Around the World in 60 Days

Adventures, misadventures, characters, unsolicited opinions, observations, and images from eight countries, eight weeks, and an array of architectural treasures.

Wednesday, February 17, 2010

Day 33: Stone Town Snipe Hunt, success


After I wrote about Cairo being a less-than-pleasant place for a female traveler, I got a couple of great messages. My friend Lyndsay was on a trip once where some Israeli men tried to trade camels for the women in the group. I thought that was great, because who among us knows our worth in camels? (Lyndsay does- but really, she's priceless.) Kristin, who won a huge travel grant and spent 10 weeks traveling last summer, commented that great experiences always follow the bad ones while you're traveling- to the extent that, when she had a small misfortune, she's immediately starts anticipating a great surprise.

And it's been true for me, too- when you start looking around, all kinds of great things will fall into your lap. Zanzibar has been even better than I wanted it to be- and I was afraid I was overly excited and I knew my expectations were high. Zanzibar in the dark? A really surprising gift, as it just added to the allure and mystique of Stone Town. Stone Town itself? So lively, so colorful, so diverse. The thrill of starting to find my own way, though I stayed lost about 50% of the time- so satisfying.

So while Greg and Kate were here, I kept almost finding my project site from studio. I can find it on Google Earth in about 4 seconds, or on a detailed map in 10, but I had no detailed map with me, and I can't get high enough for the right rooftop view. And my landmark- a huge interior courtyard- is all but invisible from the street. And of course, on the ground, everything looks remarkably similar. I kept saying, "Oh wait! Maybe...no, we're too close to the water. Oh there's a ...wait, which way is north? Isn't the fort over there?" And I felt like I was on a snipe hunt, and dragging very patient Kate around with me. And lordy, it's hot here for extraneous movement.

In the House of Wonders, the old sultan's palace so named because it was one of the first places in East Africa to have electricity, there's a great museum and a giant wall-sized aerial map. Another gift- I figured out every turn and landmark and went for it.

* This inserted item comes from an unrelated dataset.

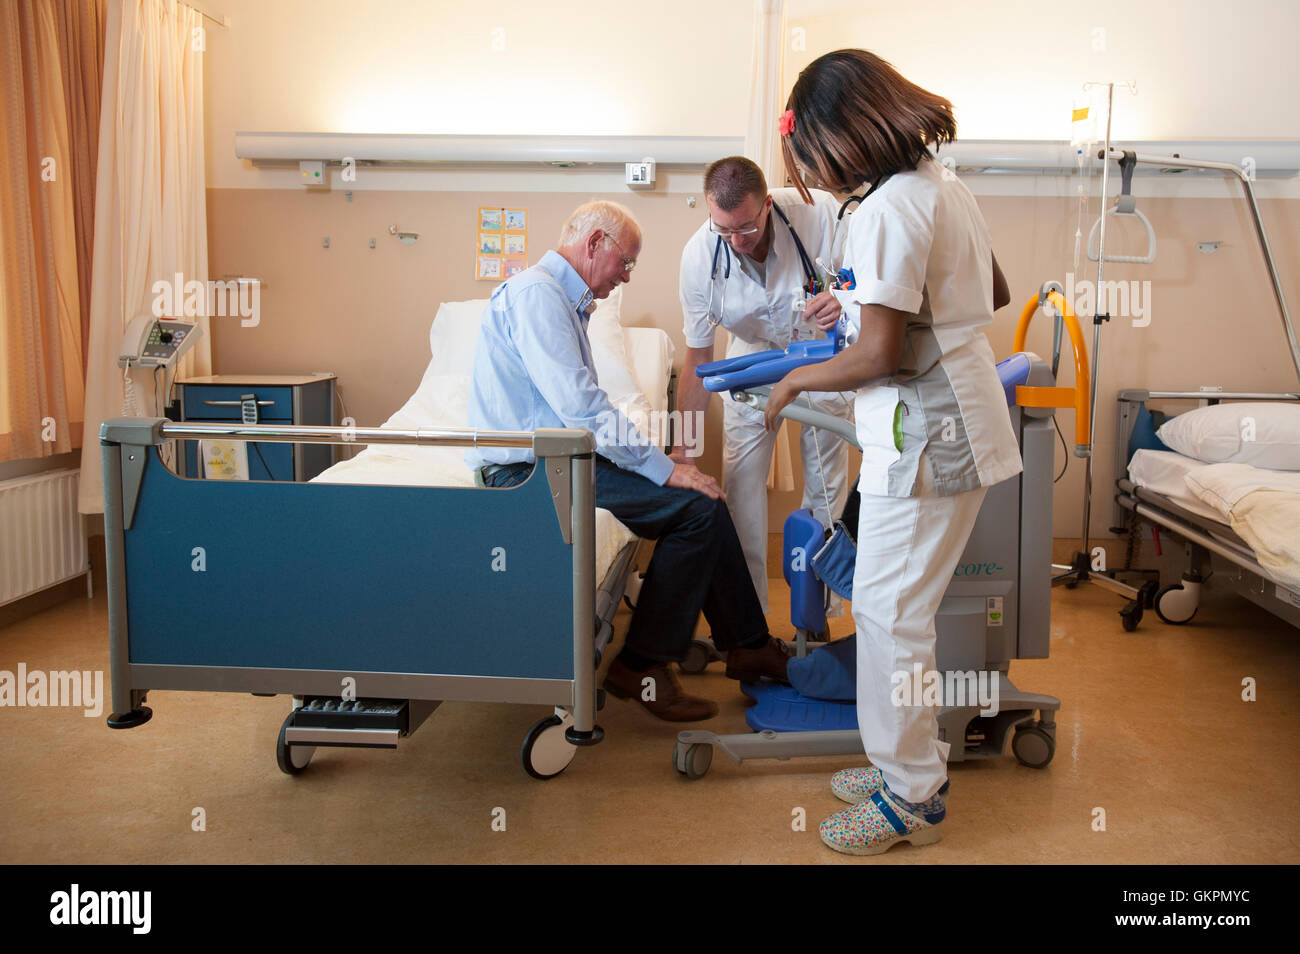 Helpen Verpleegkundigen een paziente uit bed met een til ascensore. Gli infermieri aiutare un paziente al di fuori del letto con un sollevatore attivo. Foto Stock
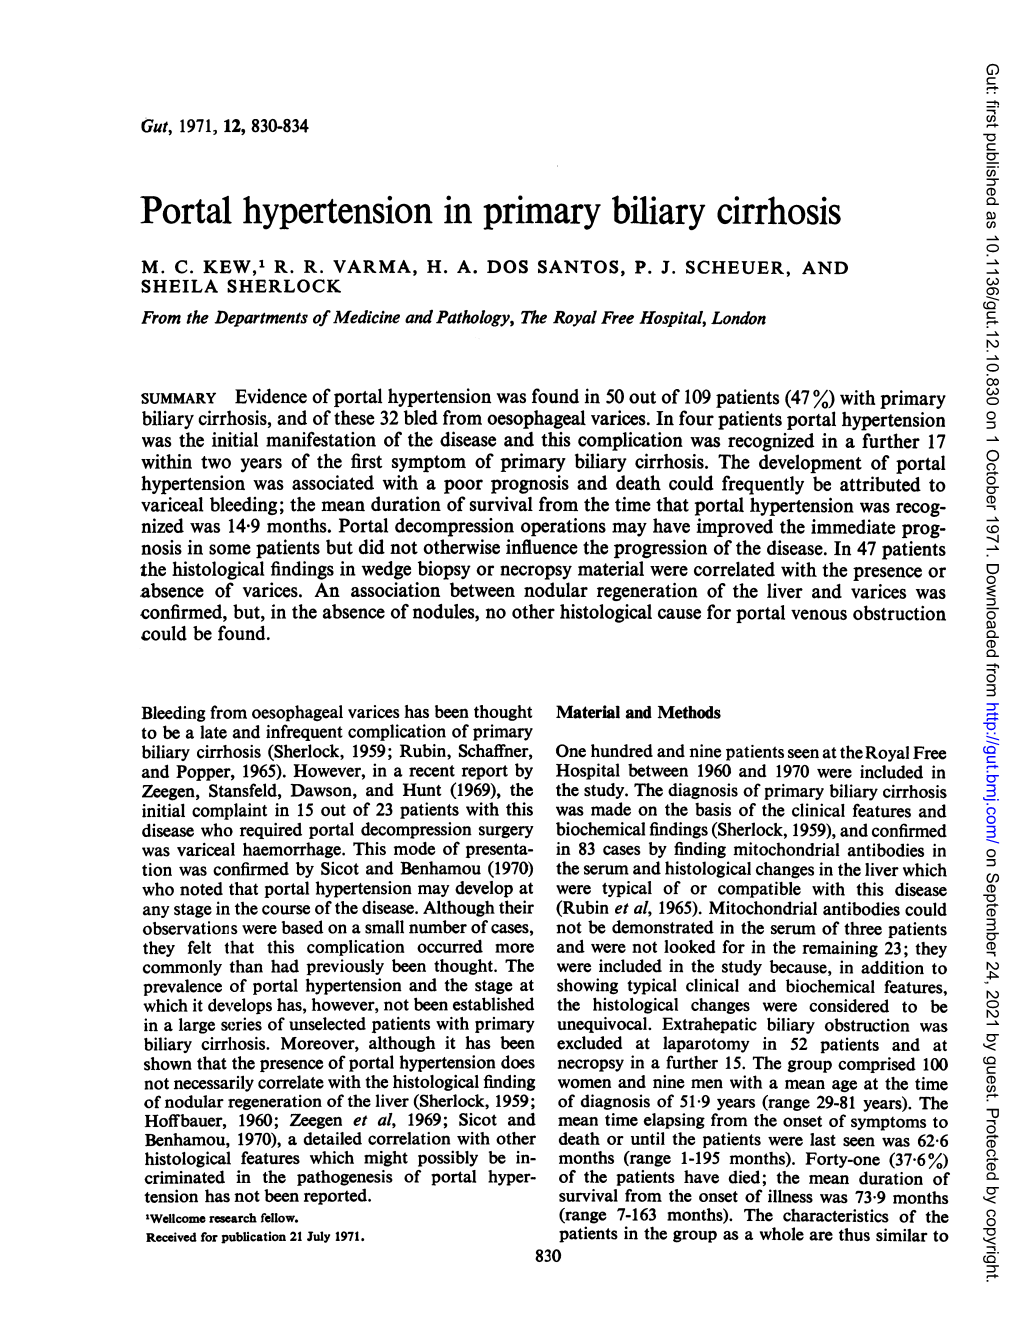 Portal Hypertension in Primary Biliary Cirrhosis

My site, is has to be said, was lacking in on-the-ground information beyond building footprints. I knew there was a mosque, but had to guess at everything other than the roof lines. In my presentation, I used photos of a sample Zanzibar mosque, unidentifed in photos, and a typical floor plan from another source. Because Stone Town is so, so small, although it looks big on the map, it was less than 5 minutes from the palace to my site. Wonders never cease- the typical unidentified mosque I'd been using- was actually my mosque. I peeked in- same with the random floor plan. It looks, but exactly, like the itty bitty model I made. I decided, as I knew I would when I got there, that my project is all wrong and I want to start again- but it was really great to stand in front if it. For the record, the buildings I hypothetically demolished to make room for my building are new and awful and out of place, so I no longer feel hypothetical guilt. I could see beautiful almond trees peeking out over a makeshift corrugated scrap fence, which would be perfect for the small courtyard I designed. I practically ran to the internet shop to e-mail my professor.

One other little bit of travel magic I've already shared with a few of you: I have been waking up every morning to the sound of school children singing chanting songs. I love this. I do not miss being a teacher, but I wouldn't mind a roomfull of these precious little Zanzibaris. The are beautiful children, happy and running about in the streets after school, in full robes and head coverings, no matter how tiny. I want to scoop them all up and read them picture books and buy them all ice cream. My Zanzibar studio project was an Islamic school for girls. When I located the source of the singing this morning, it's an Islamic school, for girls, right underneath my bedroom window.

1 comment:

  1. Magical! It's so wonderful you got to hear your hypothetical students singing and find the almond trees for your hypothetical courtyard! It gives me the chills! Best of all, I'm glad you got to shed your hypothetical guilt. Terrible stuff.